═══ Data extract

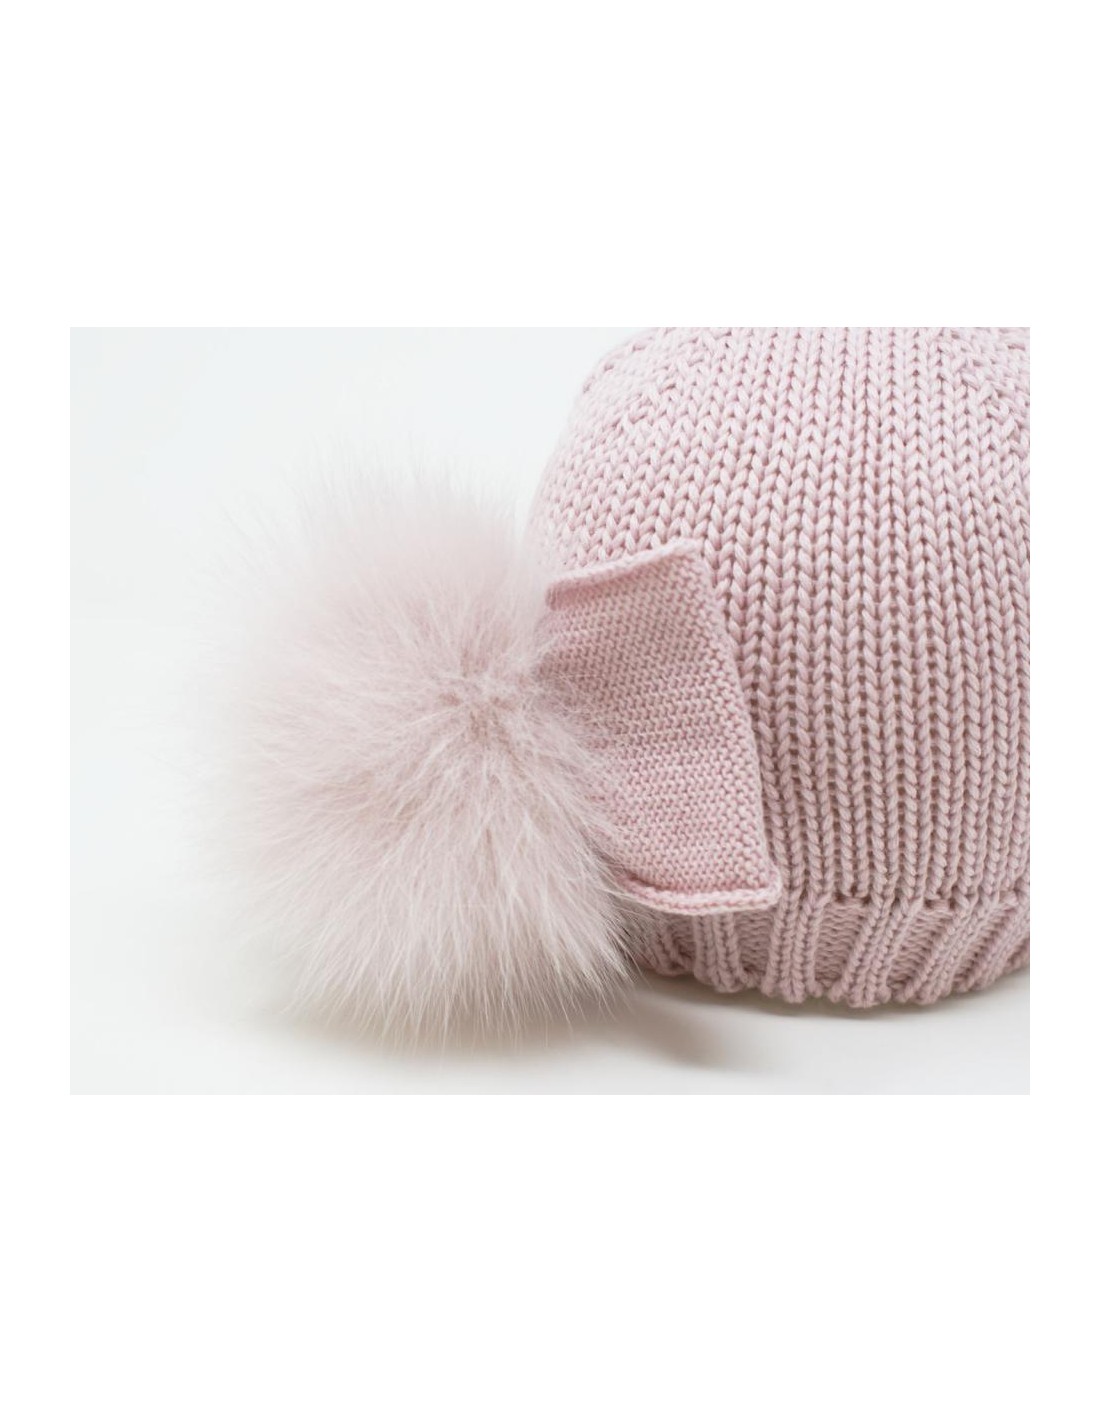 Cappello in 100% lana merino e pon pon rosa
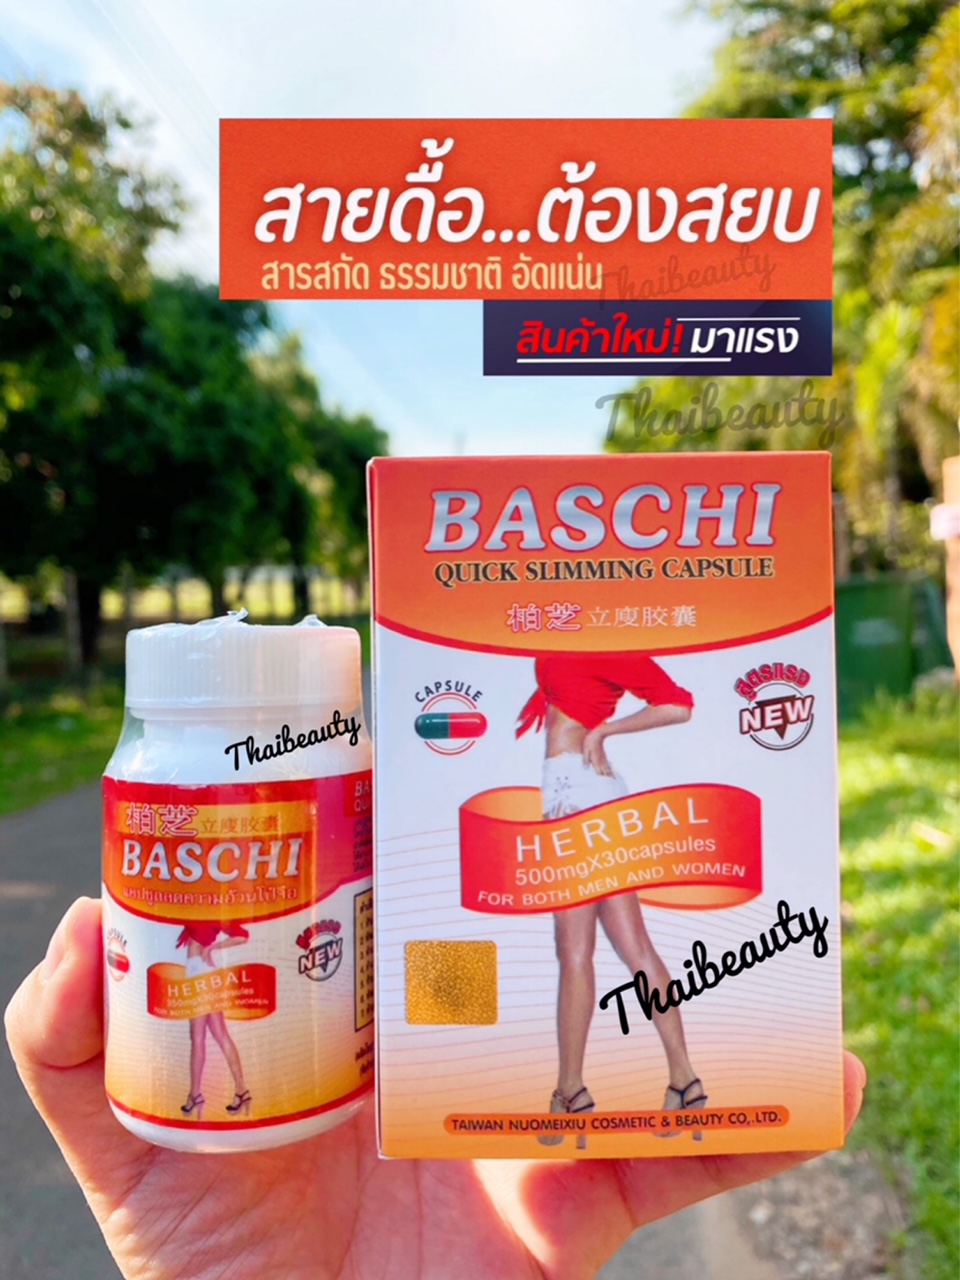 ✨สูตรใหม่เข้มข้น/อิ่มนาน✨อาหารเสริมลดน้ำหนัก บรรจุ 30 แคปซูล สูตรดื้อยา ลดสัดส่วน ลดพุง ( 1 กระปุก) Baschi อย.ไทย บาชิ พร้อมส่ง!!
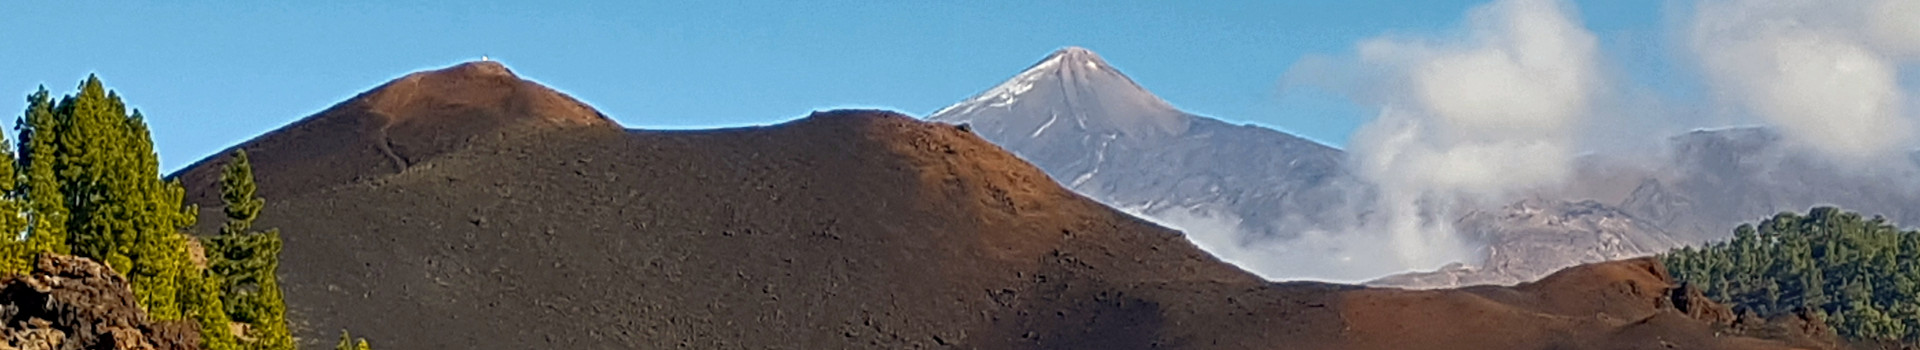 Vulkan Chinyero – Vulkan Garachico

══════

About this exercise: Without the pictures, give every line above again exactly.

Task output:
 Cappello in 100% lana merino e pon pon rosa
 ✨สูตรใหม่เข้มข้น/อิ่มนาน✨อาหารเสริมลดน้ำหนัก บรรจุ 30 แคปซูล สูตรดื้อยา ลดสัดส่วน ลดพุง ( 1 กระปุก) Baschi อย.ไทย บาชิ พร้อมส่ง!!
 Vulkan Chinyero – Vulkan Garachico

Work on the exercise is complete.